As the Presidential Debates unfold, voters are still undecided on whether to continue this nation’s journey with President Barak Obama, or pass the torch to newcomer Mitt Romney. Several undecided voters continue to be uninspired by the candidate’s campaigns and some have given up voting as a consequence. However, what voting newcomers and several veterans fail to realizeis that there is a multi-party ballot outside Democrats and Republicans. The TAMIU Political Science Association (PSA) continued its voter education initiative by inviting the Webb County Green Party, a party that is often overshadowed by the larger parties. They took the opportunity to reach out to TAMIU Students and Laredo citizens on their political platform as well as to introduce candidates that would be on their ballot this November.

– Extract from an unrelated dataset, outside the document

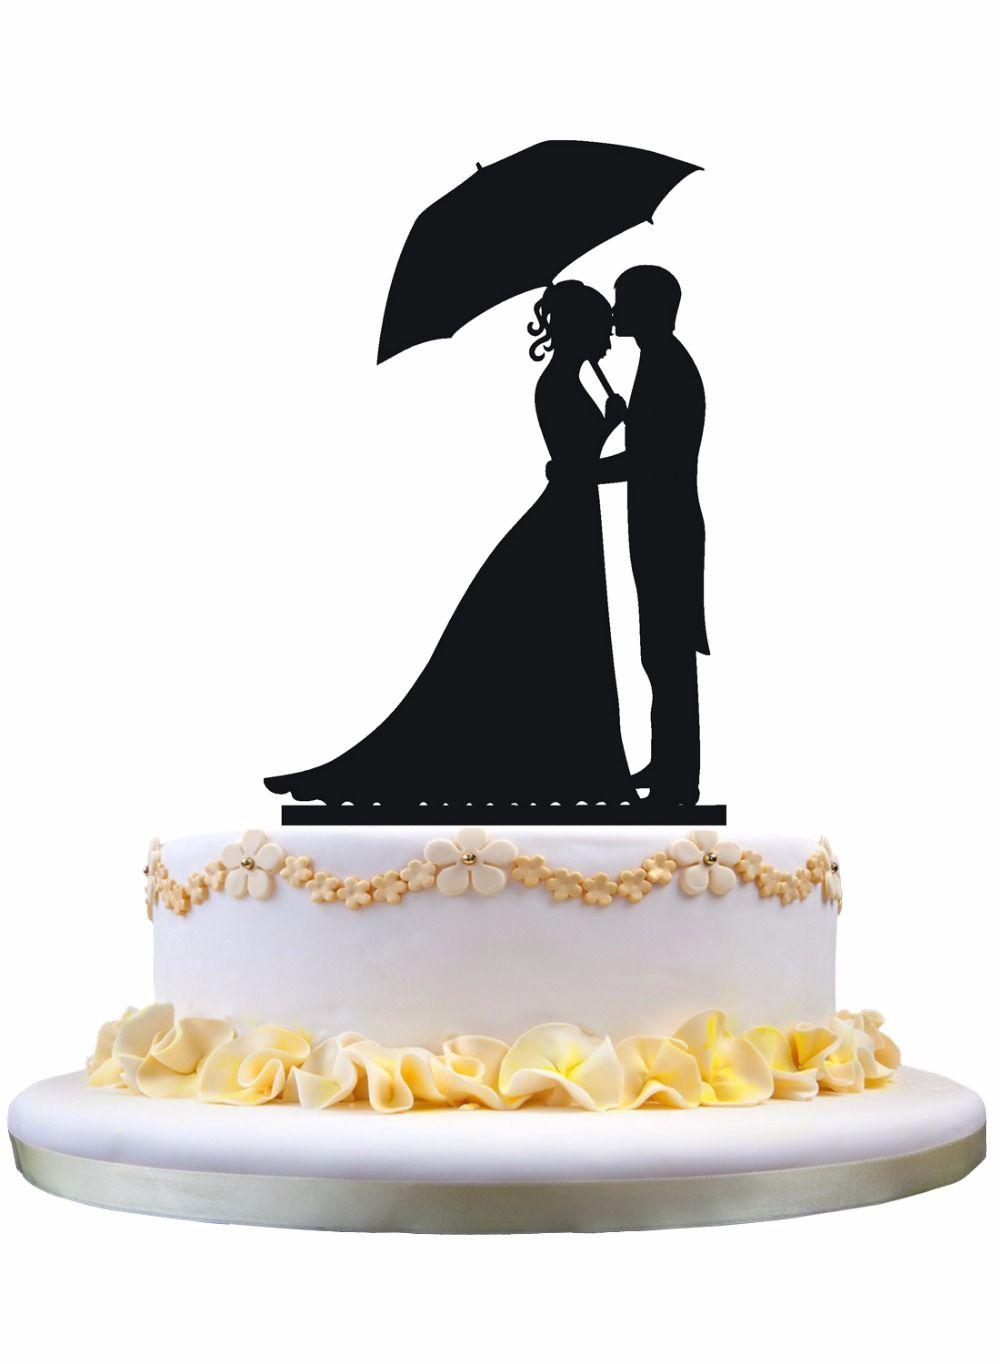 Meijiafei Gelin Tutun Şemsiye ve Damat Siluet Düğün Pastası Topper

The Green Party provides an alternative for students and citizens who are still trying to find their place in the political world. What is most fascinating of this party is its drive to fight for political equality despite numerous setbacks. For example, before Tuesday’s Presidential Debate, Green Party Presidential Candidate Jill Stein and Vice-Presidential Candidate Cher Honkala were arrested and shackled to a chair for eight hours due to their insistence to participate in the event. While major media sources reported the incident, the injustice went unnoticed by many voters. These are the types of acts that make you wonder why third parties are often excluded or unheard of by citizens. What are large political parties so afraid of: the expansion of new ideas, the division of votes, or the fact that tradition will be shaken if a new party steps in?
Regardless of your political views, it is important to explore your options when voting. You will be surprised to see that not every party is completely to the left or the right. The Green Party is largely composed of fomer Democrats who stood against centralized government and choose to take a stand for the long ignored environment. The Green Party serves through ten values including: Diversity, Social Justice, Gender Equality, and Ecological Wisdom all which touch on domestic and foreign issues largely discussed by other parties. However, the Green Party largely differs from others in their views of pro-drug legalization, universal living wages, and the subject of poverty.

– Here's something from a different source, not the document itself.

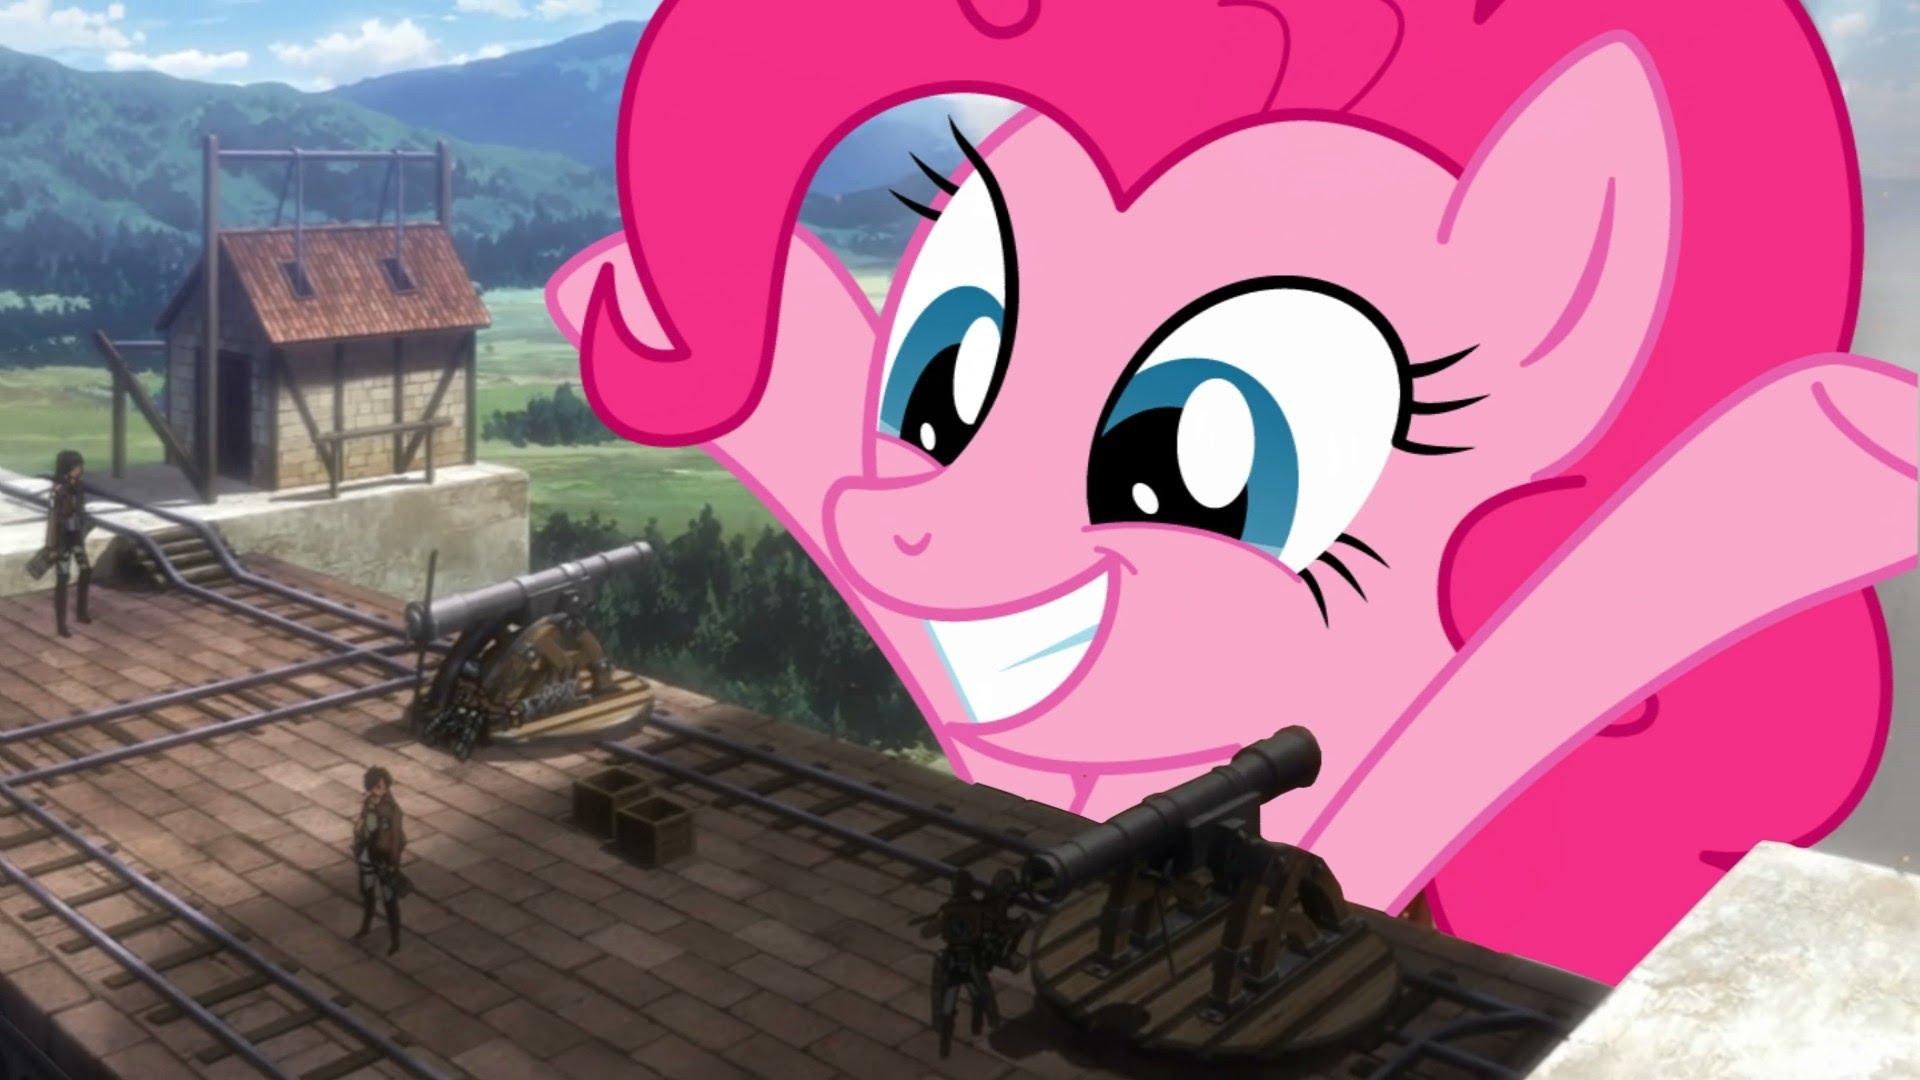 Mlp Anime My Little Pony Friendship Is Magic Foto 38869081 Fanpop

The attractiveness of the Green Party came largely from participants who were mostly Texans and well-known cities. The most interesting character from the Green Party was David B. Collins who described the presentation “a beautiful assemblage of people regardless of political views.” He opened up with a discussion of
George Luger’s theory of family as a metaphor. Through this, you find that the Green Party sees conservatives as having a set group or rules, and those who do not fit their standards are often subject to violence or threats as a means of correction. On the other hand, you find the more nurturing parent who lets you explore your identity and essentially become manipulated and stepped on by the child. Alternatively, The Green Party see themselves as an enlightened village that legalizes hemp to produce paper, fuel, food, and more importantly end the war on drugs. When an audience member commented that their plan seems far-fetched, Collins immediately jumps in to mention drug solutions in Switzerland and Canada and explains the underlying reason for violence is a fight for territory. Interestingly, part of his solution is to provide legitimate business opportunities for drug lords as an alternative.
At this point, the Green Party becomes controversial. The Green Party seems to be under the impression that the drug problem is largely consisting of U.S. Citizens drug lords. Most of us realize Drug Lords are primarily stationed in Mexico; a sovereign nation which the United States does not have the power to interfere with. It will be interesting to see hear how the Green Party would provide jobs to people in Mexico without bringing them to the U.S. or overshadowing the unemployed in our country.
Regardless of their ideas on ending the War on Drugs, the Green Party is one to look out for. Their numbers are largely increasing over the years, and they are present in the ballots this year. Collins recommends spending time on the ballot, instead of voting straight ticket. There are several positions where democratic or republican candidates are absent and other parties have an opportunity to jump into the lead. The Green Party seems to have some great ideas for voters who have found themselves disliking the Democratic and Republican platforms and are looking for change of their place in politics.
Whether you decide to stick to tradition and vote for the Democratic or Republican parties, or decide to be innovative and vote for a third party, the most important thing is to go out to vote during in the upcoming elections this November 6, 2012.